Data for processing —
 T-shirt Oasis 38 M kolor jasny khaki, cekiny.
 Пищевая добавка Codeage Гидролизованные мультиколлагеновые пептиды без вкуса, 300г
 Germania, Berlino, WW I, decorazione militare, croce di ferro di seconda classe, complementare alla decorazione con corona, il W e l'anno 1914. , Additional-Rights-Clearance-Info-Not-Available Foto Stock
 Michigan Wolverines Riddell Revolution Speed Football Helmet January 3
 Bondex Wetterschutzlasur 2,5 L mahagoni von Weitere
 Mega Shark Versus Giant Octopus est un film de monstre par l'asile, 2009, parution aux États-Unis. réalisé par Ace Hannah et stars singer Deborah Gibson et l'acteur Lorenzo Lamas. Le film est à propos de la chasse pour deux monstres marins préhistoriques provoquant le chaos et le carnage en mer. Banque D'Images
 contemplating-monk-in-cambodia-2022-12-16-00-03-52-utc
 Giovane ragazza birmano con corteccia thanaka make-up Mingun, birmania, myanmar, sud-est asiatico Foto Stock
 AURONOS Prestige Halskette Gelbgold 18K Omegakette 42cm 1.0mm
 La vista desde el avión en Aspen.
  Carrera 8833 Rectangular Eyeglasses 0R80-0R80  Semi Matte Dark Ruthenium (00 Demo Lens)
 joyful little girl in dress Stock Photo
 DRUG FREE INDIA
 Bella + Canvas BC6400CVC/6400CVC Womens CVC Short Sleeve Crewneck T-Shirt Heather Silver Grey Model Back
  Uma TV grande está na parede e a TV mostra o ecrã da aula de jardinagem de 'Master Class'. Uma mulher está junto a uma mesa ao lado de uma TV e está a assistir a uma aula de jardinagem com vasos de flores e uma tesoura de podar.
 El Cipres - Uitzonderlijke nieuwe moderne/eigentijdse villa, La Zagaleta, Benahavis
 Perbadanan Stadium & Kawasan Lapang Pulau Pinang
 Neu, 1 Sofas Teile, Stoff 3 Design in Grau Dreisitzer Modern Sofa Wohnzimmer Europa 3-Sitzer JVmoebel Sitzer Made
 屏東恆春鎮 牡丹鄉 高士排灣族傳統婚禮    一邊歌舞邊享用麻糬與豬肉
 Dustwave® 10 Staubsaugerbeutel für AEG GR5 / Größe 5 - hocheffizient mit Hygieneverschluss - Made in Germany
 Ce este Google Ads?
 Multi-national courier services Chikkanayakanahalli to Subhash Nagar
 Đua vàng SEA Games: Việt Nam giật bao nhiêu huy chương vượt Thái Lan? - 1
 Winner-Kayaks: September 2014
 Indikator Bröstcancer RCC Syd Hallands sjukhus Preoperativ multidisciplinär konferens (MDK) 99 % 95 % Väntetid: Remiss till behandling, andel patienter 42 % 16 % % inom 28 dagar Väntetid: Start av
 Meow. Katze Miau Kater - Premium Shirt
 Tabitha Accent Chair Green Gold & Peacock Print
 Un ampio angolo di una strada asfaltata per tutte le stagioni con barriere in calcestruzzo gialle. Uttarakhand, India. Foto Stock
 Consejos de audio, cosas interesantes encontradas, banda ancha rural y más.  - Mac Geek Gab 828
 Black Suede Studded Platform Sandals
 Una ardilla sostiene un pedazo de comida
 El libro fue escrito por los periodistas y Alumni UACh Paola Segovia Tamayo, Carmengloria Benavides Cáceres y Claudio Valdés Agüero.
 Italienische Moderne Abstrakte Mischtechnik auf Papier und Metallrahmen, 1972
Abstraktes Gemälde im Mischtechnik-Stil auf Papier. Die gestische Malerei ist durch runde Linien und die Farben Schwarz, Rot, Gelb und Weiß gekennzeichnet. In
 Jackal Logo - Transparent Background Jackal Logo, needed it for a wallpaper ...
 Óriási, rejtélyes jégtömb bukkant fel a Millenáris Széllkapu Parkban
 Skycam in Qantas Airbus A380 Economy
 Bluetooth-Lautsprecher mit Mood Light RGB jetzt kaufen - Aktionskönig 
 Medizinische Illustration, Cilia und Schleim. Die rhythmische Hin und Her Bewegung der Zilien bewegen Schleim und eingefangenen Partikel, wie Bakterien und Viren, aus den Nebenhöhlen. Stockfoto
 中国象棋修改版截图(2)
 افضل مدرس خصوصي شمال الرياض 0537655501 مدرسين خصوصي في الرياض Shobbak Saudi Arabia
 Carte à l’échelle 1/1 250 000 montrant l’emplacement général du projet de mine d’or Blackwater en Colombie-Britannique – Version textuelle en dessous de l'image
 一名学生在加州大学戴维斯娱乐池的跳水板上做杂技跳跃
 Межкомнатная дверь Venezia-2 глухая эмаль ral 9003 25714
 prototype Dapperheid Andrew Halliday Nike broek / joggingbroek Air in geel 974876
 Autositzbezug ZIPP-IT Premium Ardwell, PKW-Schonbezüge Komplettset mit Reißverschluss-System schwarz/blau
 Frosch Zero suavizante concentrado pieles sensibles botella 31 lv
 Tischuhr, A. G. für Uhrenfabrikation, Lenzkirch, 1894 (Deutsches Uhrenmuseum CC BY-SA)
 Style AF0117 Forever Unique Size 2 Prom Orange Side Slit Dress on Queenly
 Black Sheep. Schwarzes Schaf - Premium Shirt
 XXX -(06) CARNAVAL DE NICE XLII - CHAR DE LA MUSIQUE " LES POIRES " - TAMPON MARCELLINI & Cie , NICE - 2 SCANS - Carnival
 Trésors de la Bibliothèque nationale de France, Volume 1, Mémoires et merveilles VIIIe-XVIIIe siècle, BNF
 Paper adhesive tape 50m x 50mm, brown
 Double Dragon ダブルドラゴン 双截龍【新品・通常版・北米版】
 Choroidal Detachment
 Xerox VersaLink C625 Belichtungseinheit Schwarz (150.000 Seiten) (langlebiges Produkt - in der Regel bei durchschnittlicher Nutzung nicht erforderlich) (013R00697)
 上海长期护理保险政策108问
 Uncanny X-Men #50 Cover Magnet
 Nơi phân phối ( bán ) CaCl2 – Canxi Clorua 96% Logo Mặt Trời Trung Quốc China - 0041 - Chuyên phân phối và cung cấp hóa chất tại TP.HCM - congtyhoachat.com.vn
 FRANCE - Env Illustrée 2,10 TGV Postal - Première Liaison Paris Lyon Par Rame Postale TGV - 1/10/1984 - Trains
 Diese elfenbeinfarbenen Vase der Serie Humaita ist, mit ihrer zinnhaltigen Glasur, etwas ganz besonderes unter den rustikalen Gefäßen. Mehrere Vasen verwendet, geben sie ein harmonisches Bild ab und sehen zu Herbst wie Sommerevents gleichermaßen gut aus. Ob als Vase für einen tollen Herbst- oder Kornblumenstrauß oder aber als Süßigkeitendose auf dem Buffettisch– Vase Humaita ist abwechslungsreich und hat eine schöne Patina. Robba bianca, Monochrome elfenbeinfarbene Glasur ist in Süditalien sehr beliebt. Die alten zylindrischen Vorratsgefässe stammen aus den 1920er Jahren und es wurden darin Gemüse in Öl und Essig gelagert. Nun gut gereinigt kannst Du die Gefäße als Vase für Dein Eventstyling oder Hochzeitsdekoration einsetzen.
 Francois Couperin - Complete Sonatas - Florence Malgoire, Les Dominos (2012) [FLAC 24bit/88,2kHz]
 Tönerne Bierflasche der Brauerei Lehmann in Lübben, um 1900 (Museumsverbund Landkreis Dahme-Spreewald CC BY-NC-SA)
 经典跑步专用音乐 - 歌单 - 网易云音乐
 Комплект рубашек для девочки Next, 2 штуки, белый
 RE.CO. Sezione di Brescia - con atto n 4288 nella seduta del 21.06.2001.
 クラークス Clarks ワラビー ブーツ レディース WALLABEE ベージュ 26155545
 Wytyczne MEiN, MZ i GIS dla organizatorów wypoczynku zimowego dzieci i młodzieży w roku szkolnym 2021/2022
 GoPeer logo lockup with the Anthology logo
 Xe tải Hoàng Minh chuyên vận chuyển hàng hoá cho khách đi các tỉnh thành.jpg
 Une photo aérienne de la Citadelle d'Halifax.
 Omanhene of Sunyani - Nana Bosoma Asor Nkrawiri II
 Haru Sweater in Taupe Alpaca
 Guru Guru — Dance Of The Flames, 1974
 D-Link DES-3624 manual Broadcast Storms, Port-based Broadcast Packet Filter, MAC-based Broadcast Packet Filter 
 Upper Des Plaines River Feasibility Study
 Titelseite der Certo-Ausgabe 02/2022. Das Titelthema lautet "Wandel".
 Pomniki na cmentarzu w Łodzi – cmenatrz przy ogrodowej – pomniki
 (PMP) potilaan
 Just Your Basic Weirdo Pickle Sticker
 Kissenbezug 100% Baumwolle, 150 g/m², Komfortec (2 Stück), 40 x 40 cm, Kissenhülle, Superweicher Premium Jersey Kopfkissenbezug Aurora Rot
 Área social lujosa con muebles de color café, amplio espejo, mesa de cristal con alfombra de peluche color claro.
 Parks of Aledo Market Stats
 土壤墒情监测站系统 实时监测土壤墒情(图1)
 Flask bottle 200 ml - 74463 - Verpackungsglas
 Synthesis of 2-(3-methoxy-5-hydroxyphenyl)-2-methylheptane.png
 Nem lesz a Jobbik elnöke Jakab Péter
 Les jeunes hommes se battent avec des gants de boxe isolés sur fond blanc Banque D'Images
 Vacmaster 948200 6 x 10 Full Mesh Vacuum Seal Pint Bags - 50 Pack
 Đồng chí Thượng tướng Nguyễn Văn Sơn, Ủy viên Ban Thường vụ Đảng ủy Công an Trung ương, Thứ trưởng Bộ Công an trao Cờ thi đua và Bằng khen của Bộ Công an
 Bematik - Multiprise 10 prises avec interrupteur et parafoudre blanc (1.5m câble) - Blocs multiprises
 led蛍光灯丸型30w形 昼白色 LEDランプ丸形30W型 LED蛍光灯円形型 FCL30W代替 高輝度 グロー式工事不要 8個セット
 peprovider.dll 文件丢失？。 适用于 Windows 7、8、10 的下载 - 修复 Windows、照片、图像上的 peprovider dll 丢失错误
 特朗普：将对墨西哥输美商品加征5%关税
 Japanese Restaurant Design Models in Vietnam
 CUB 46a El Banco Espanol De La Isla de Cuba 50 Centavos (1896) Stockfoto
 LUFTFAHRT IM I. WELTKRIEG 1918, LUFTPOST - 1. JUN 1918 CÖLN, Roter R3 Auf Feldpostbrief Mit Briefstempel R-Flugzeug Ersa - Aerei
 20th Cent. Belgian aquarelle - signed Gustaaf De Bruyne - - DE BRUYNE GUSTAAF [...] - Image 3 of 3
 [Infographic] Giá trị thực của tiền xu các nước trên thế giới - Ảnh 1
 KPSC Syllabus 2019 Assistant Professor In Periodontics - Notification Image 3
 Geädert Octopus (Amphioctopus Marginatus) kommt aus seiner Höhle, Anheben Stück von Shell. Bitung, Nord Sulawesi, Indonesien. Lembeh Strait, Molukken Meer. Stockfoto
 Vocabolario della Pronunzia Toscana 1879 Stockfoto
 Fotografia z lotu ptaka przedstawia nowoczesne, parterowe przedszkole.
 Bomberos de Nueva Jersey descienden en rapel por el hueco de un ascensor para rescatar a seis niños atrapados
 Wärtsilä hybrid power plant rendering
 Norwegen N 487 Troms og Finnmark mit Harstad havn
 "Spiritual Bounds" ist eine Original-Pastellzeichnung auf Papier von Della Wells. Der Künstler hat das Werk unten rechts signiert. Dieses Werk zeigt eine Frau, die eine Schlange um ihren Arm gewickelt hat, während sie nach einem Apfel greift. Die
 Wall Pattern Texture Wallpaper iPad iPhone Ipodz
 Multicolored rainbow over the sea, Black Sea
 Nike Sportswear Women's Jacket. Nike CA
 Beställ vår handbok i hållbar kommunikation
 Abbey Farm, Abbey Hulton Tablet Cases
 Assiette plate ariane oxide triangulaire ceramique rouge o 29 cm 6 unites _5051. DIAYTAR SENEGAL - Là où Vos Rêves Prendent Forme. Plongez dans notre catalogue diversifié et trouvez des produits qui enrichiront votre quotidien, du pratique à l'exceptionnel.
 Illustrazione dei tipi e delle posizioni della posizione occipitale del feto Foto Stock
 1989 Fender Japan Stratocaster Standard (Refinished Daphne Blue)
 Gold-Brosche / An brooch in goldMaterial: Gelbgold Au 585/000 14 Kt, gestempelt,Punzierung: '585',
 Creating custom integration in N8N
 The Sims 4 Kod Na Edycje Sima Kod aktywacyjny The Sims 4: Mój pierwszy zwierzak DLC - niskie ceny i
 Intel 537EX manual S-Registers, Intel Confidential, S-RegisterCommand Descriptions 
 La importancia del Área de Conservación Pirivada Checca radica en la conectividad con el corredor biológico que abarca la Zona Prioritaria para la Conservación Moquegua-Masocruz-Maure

Work to complete — Return a copy of each line in the records above that has "manual" in it.

Finished task —
 D-Link DES-3624 manual Broadcast Storms, Port-based Broadcast Packet Filter, MAC-based Broadcast Packet Filter 
 Intel 537EX manual S-Registers, Intel Confidential, S-RegisterCommand Descriptions 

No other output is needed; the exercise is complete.